━━━ Data segment

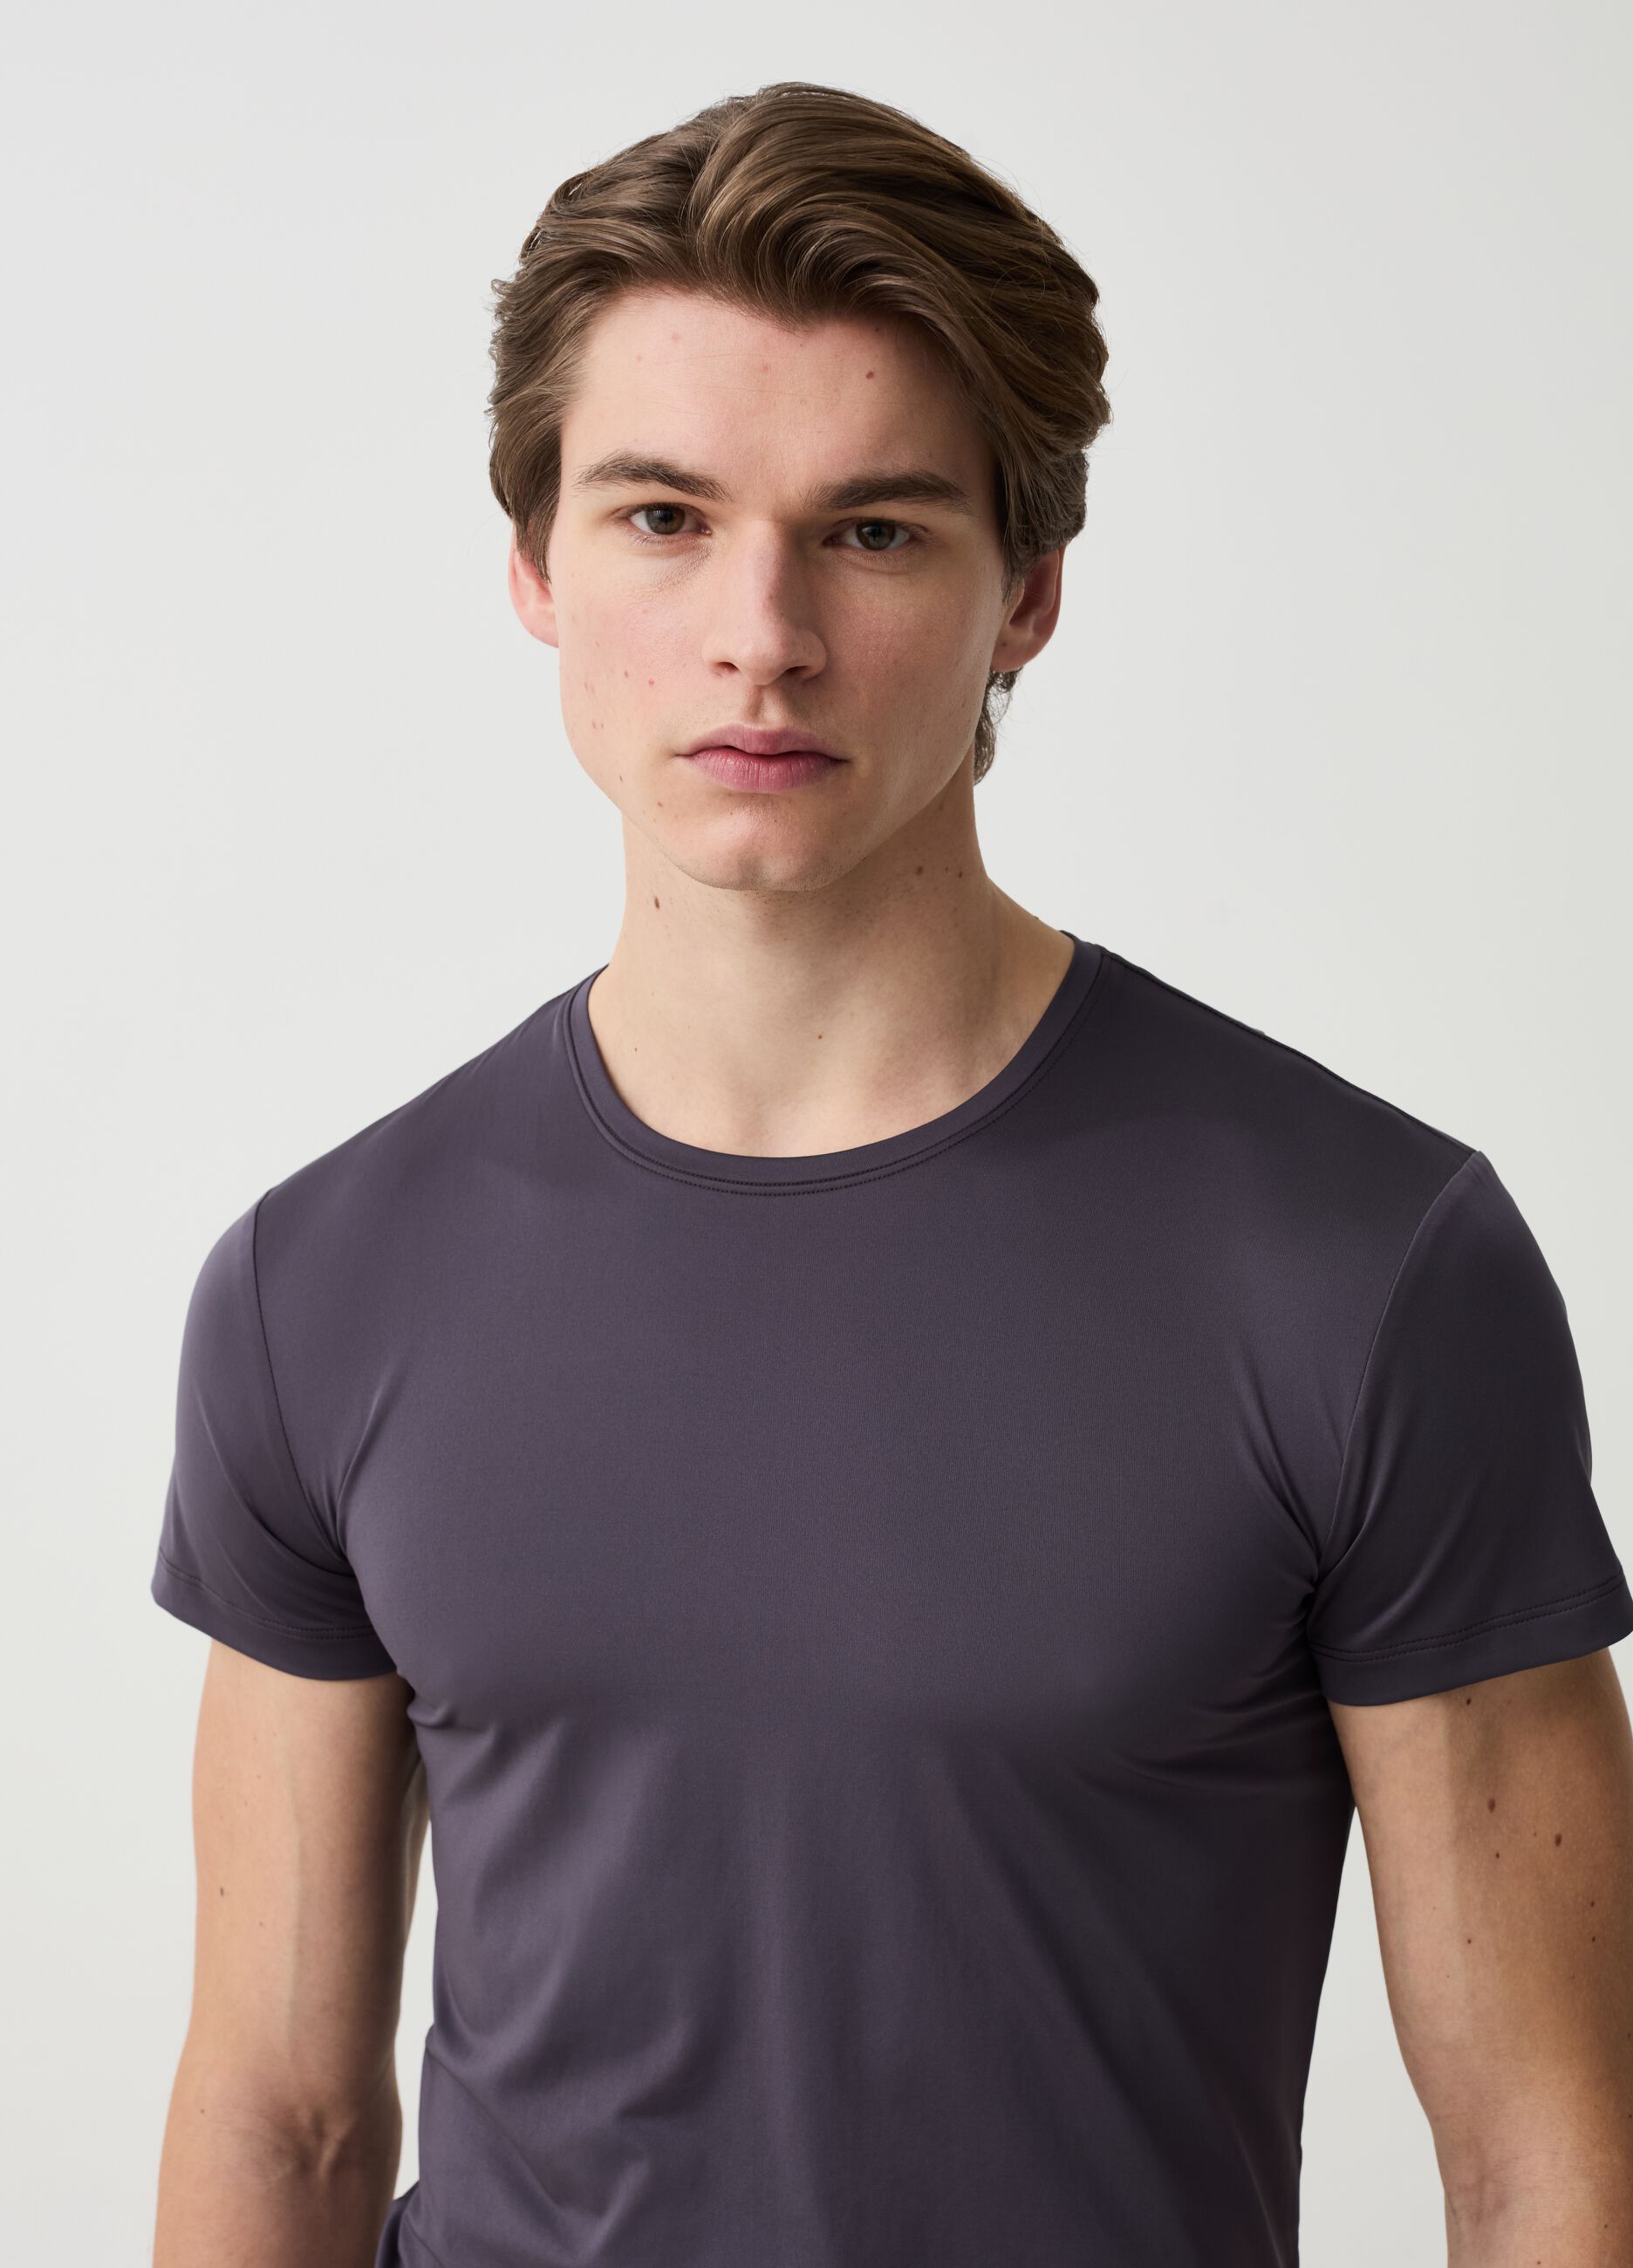 OVS Tech two-pack undershirts with round neck
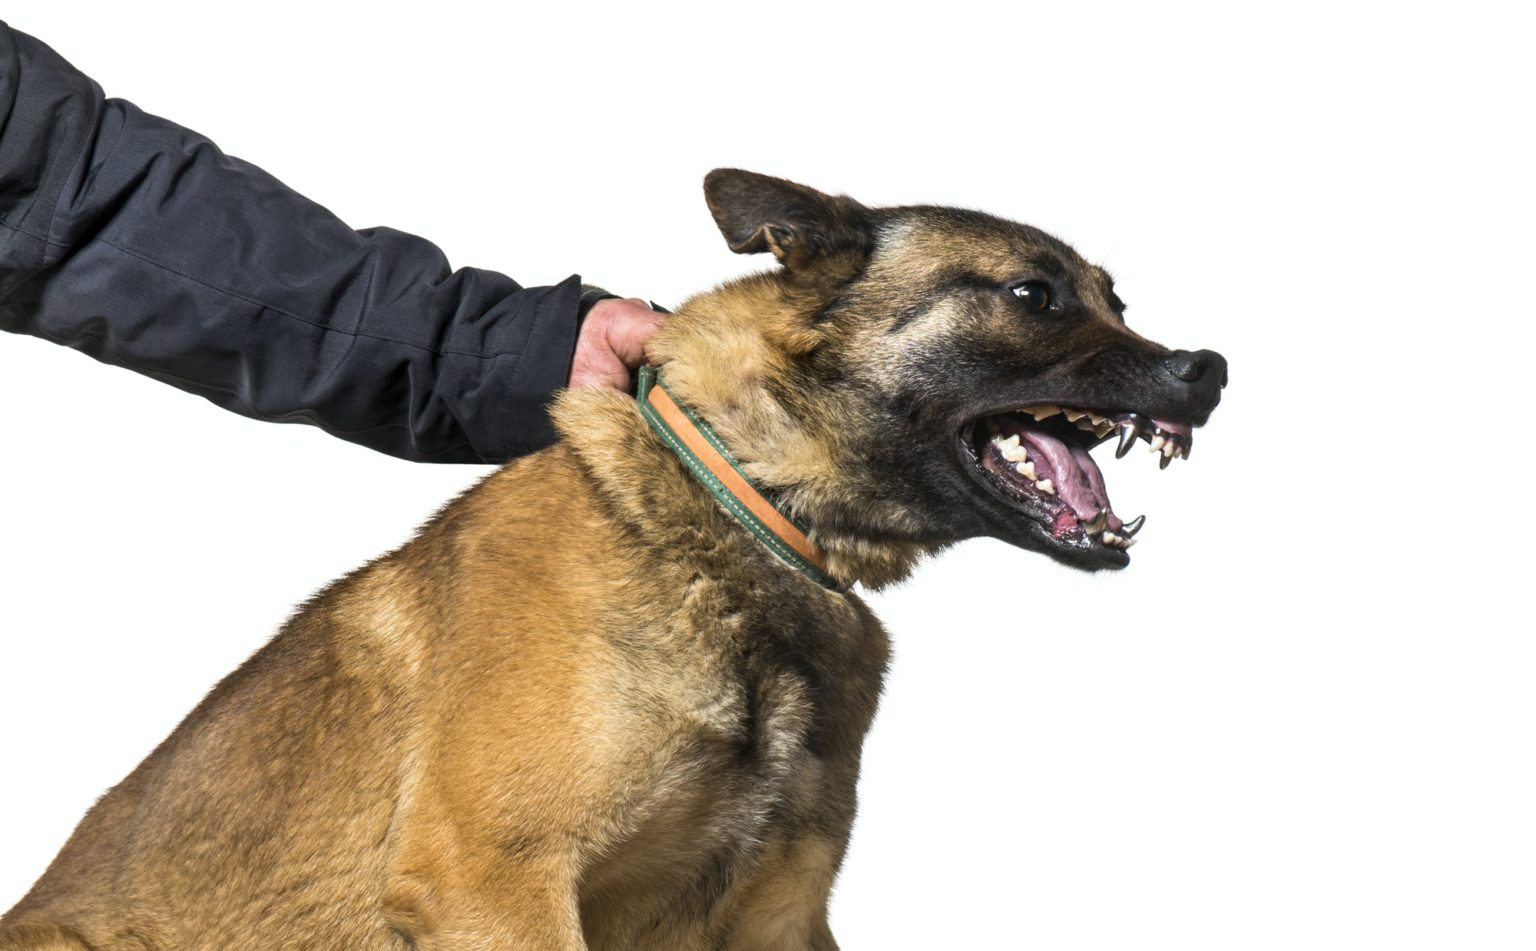 Man holding collar and leash of Malinois with steel teeth against white background
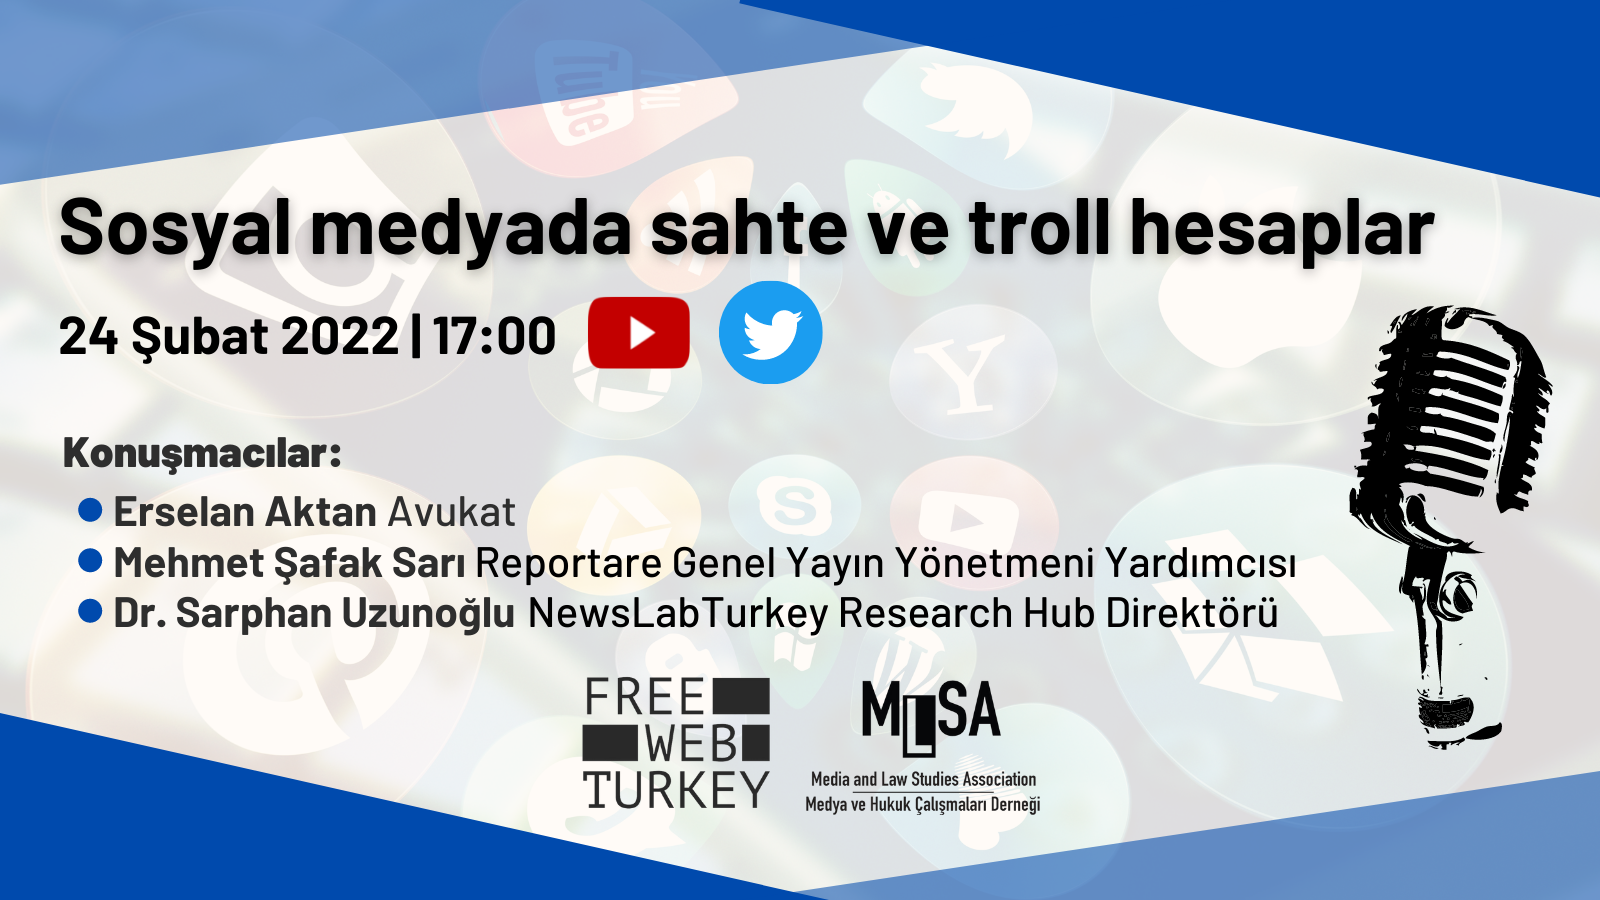 We held our panel on “Fake and troll accounts on social media”

━━━━━━

Assigned task
When you repeat the material above, keep every word exact and leave out the pictures.

The completed task
 OVS Tech two-pack undershirts with round neck
 Man holding collar and leash of Malinois with steel teeth against white background
 We held our panel on “Fake and troll accounts on social media”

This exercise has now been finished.